Questions 6.1, 6.4, 6.5

Work on your class projects!

Homework #12 due ~~Wednesday, Apr 20~~ Friday, Apr 22

Question 6.10

Consider the slight variation on the 2D Model Problem, gotten by discretizing the slightly different PDE
a * d^2 v(x,y)/dx^2 + b * d^2 v(x,y)/dy^2 = f(x,y)
where a and b are some positive constants. Briefly justify your answers to the following questions. (Hint: Use Matlab to confirm that your answers are correct for small examples.)

Using Kronecker product notation, write down the matrix; call it T(a,b).

Write down explicit formulas for the eigenvalues and eigenvectors of T(a,b), again using Kronecker product notation.

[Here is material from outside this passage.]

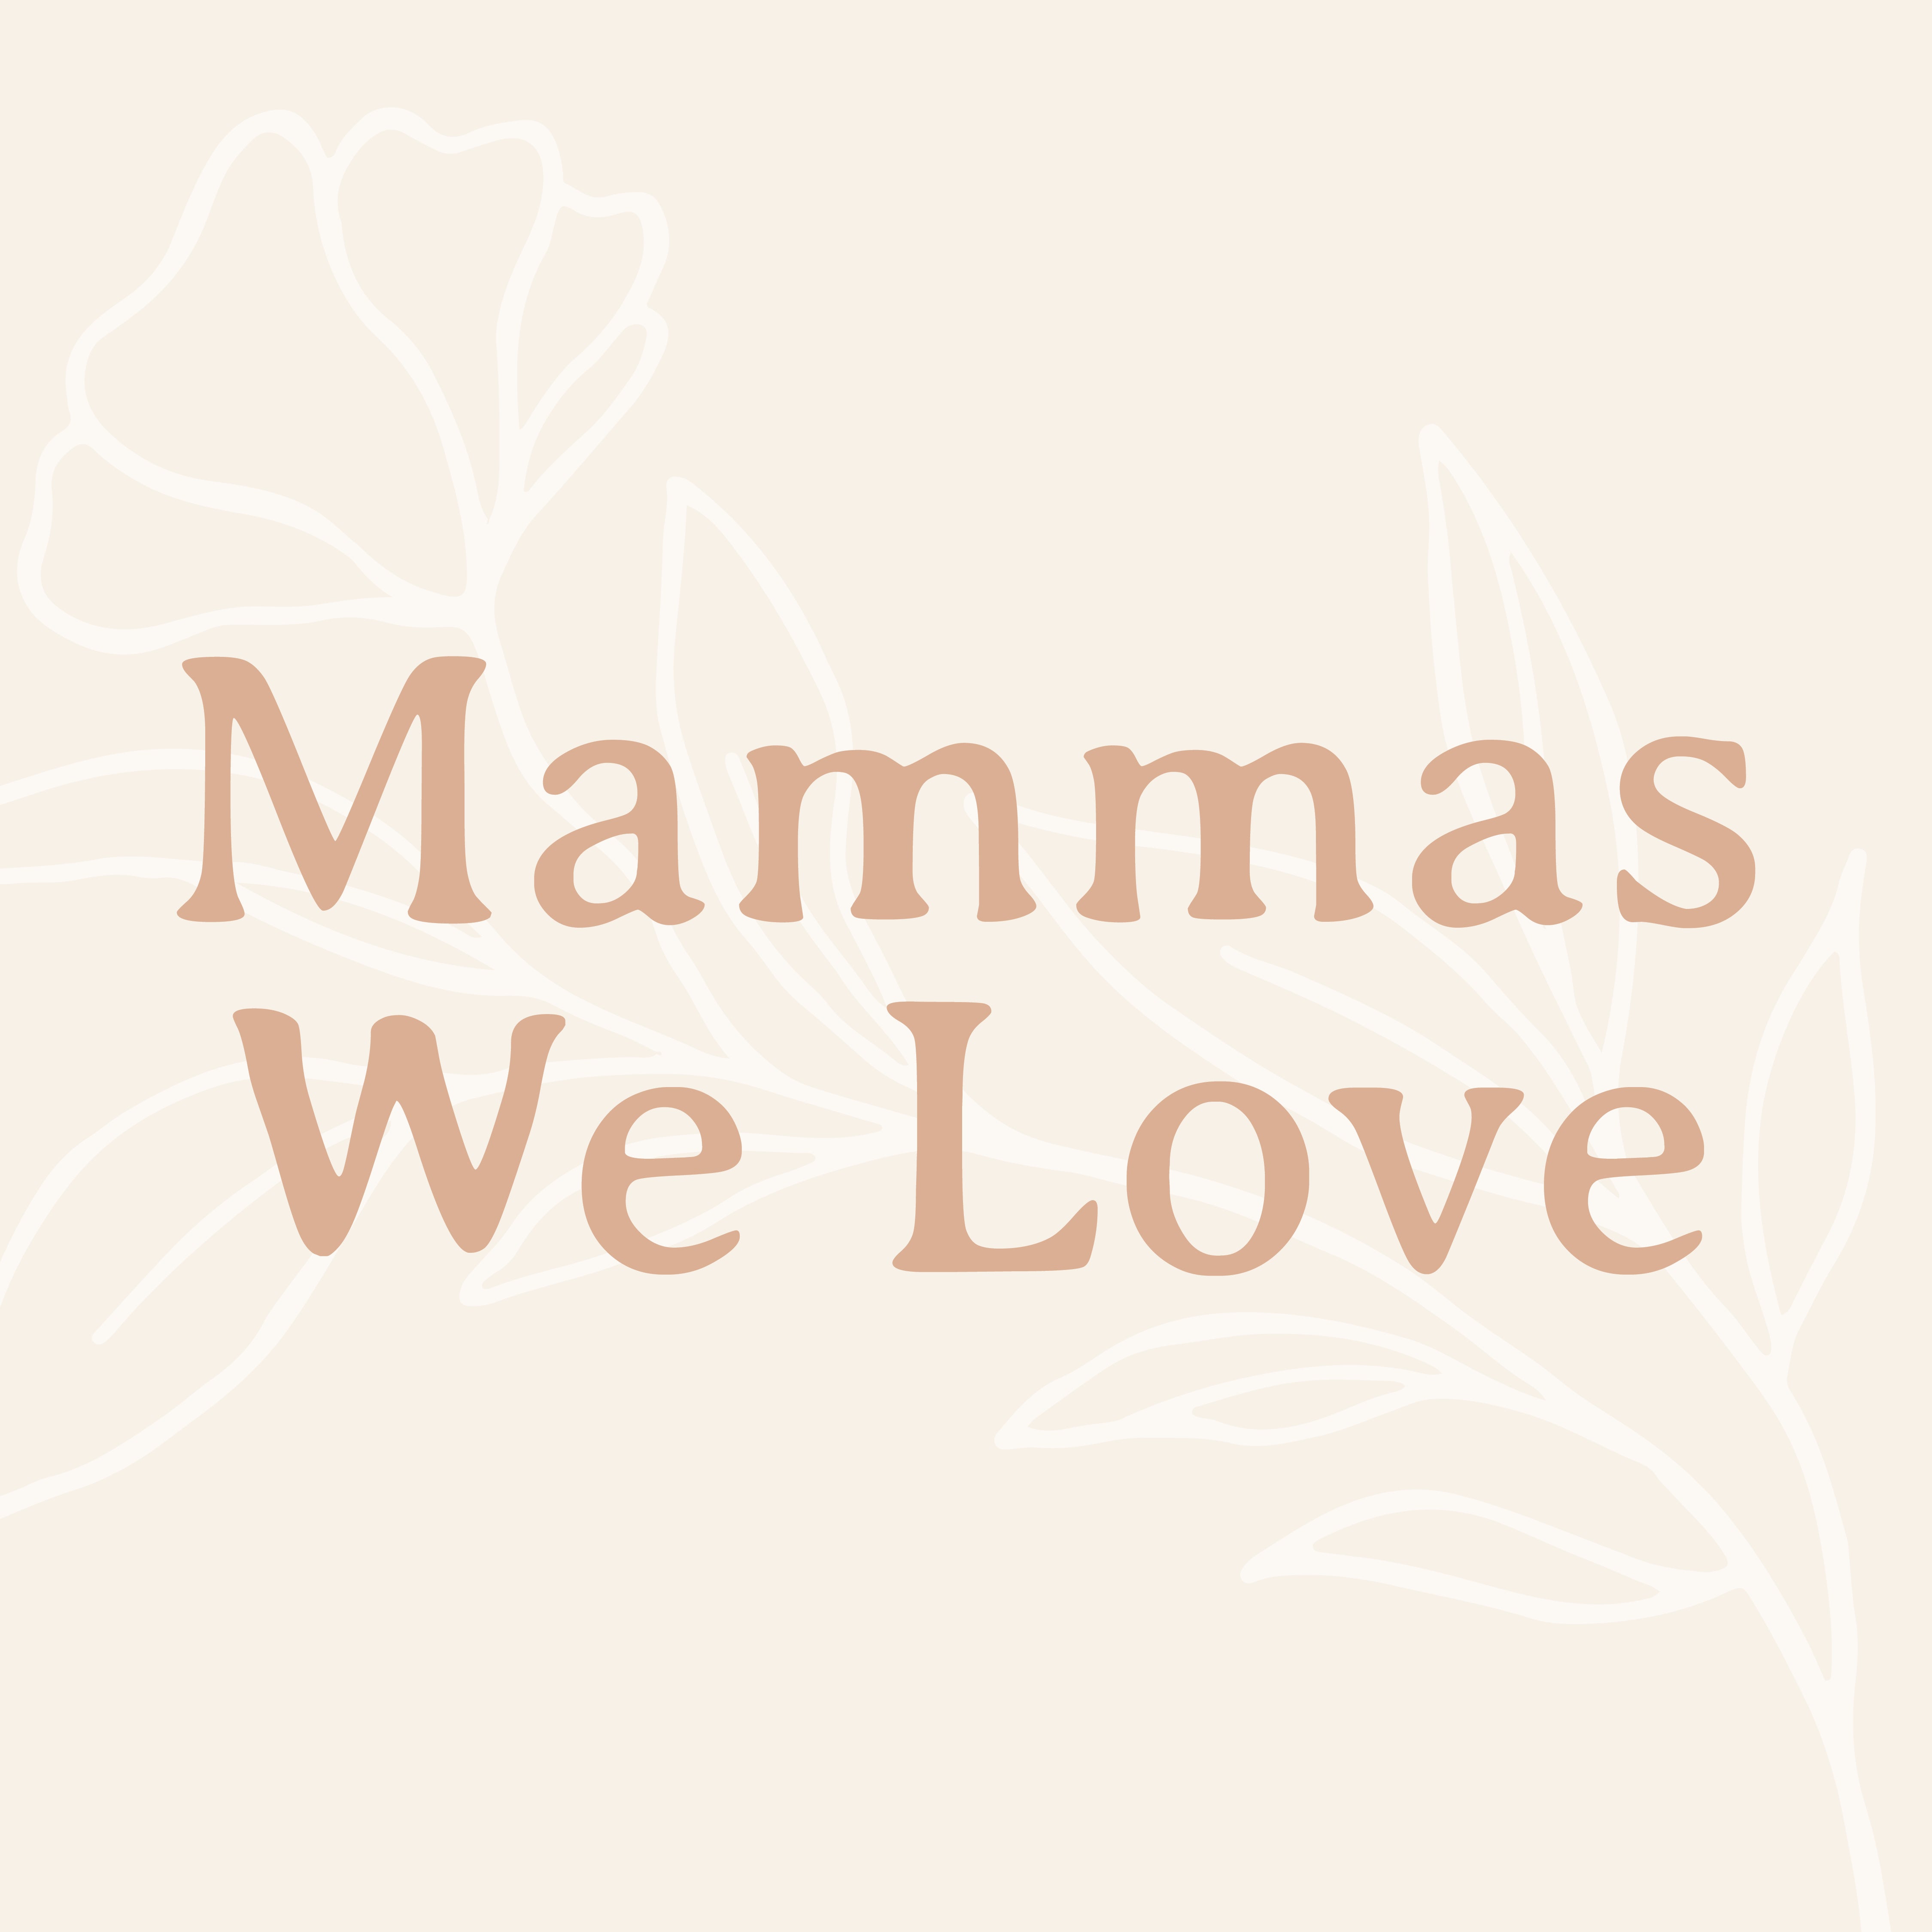 Mammas We Love: Robin Long

Is T(a,b) symmetric and positive definite? What is its 2-norm condition number?

Does Jacobi's method converge for T(a,b)? What is rho(R_J), the spectral radius of the Jacobi iteration matrix R_J?

Is there an ordering of the equations and unknowns for which SOR(w) converges, for T(a,b), for some values of w? What ordering, and which values of w?

What value w_opt minimizes rho(R_SOR(w))? What is the value of rho(R_SOR(w_opt))?

Repeat the last question for the 3D problem gotten by discretizing
a * d^2 v(x,y,z)/dx^2 + b * d^2 v(x,y,z)/dy^2 + c * d^2 v(x,y,z)/dz^2 = f(x,y,z)
where a, b and c are some positive constants.